LINUXGAMES

PS3 Linux Fix and RSX Woes

December 20th, 2007 by Crusader

The latest firmware update for the PlayStation 3 game console from Sony Computer Entertainment, version 2.10, broke compatibility with some Linux kernels, causing boot failures:

As of PS3 firmware version 2.10, the GPU command buffer size must be at least 2 MiB large. Since we use only a small part of the GPU command buffer and don’t want to waste precious XDR memory, move the GPU command buffer back to the start of the XDR memory reserved for ps3fb and let the unused part overlap with the actual frame buffer.

Fortunately, (thanks Onken), Sony’s Geoff Levand has published a patch:

A frame buffer bug was introduced into the ps3-linux.git tree on Aug 17th. It was fixed Dec 17th. Any kernels with this bug will not boot on firmware 2.10. The bug only effects systems with firmware 2.10 (and later). The bug is not hit with older firmware.

[...]

The kernel sources used for CELL-Linux-CL_20071023-ADDON has this bug.

This older version of kboot should work:

http://www.kernel.org/pub/linux/kernel/people/geoff/cell/kboot-20070831.bld

You’ll most likely need to update your installed (second stage) kernel also.
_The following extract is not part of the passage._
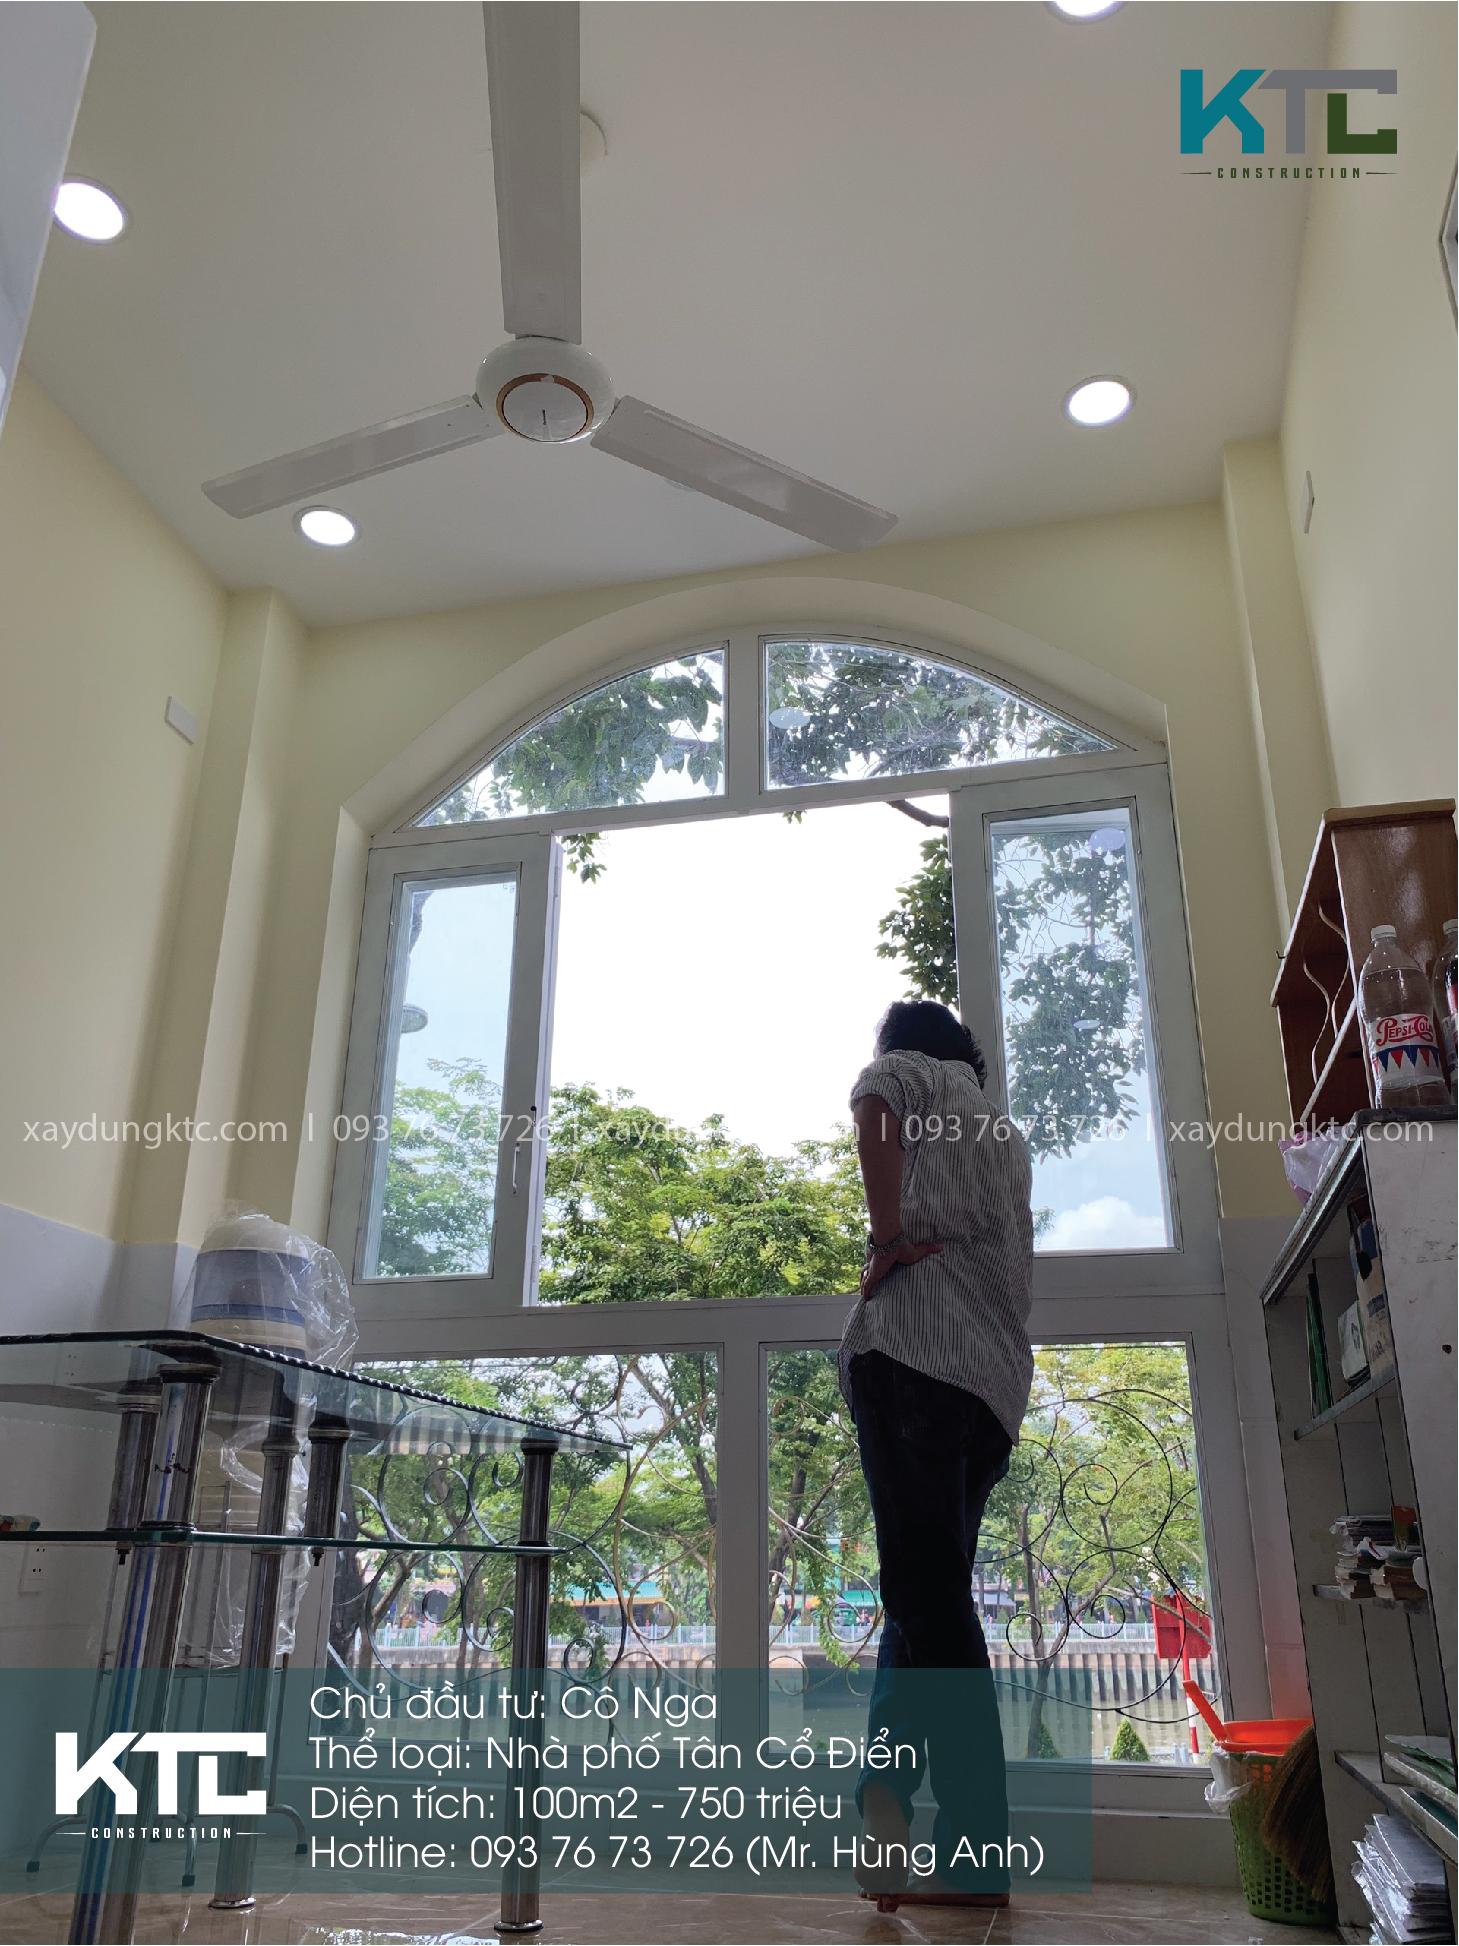 khung cửa sổ vòm cong to và thanh lịch đón trọn nắng và không khí tươi mát buổi sáng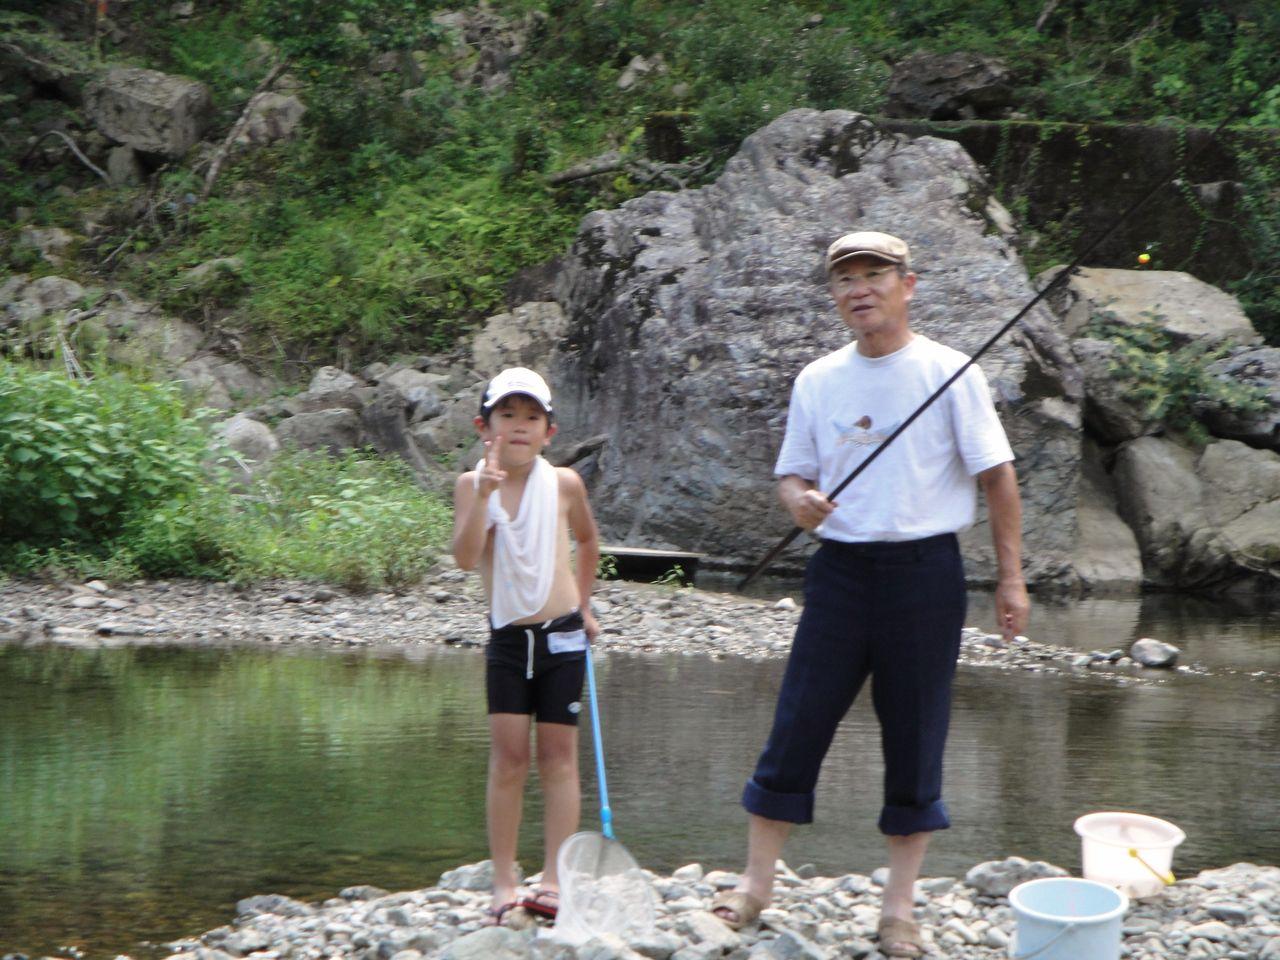 大杉谷川遊び6 DIY中部 : 日本一の清流、宮川の上流で川遊び DIY中部 DIY中部は、正式

Sorry for any inconvenience.

Unfortunately, the version 2.10 firmware also blocked the method hobbyists had been using (video)to access the NVIDIA RSX GPU, leading PS2DEV to speculate on the implications:

I understand that Sony might want to keep access to the 3D aspects of the hardware for exclusive use by PS3 commercial games. However, what is the danger of allowing homebrew developers access this hardware? Is Sony concerned a developer will create a great homebrew game and sell it through a different channel? The market for “otheros” developers is so tiny that it would not be worth while. It would actually be an opportunity for Sony to potentially pick up and improve some small games ready for the Playstation Network. The reasons to allow access are numerous. Developers will create a better experience when using Linux, create great demos that explore the hardware’s capabilities and maybe create some basic games. None of these things are threatening to Sony’s core business.

It’s been gratifying to see official Linux support from Sony for the PS3, but it would be exceedingly disappointing if they were indeed actively blunting efforts to improve the platform.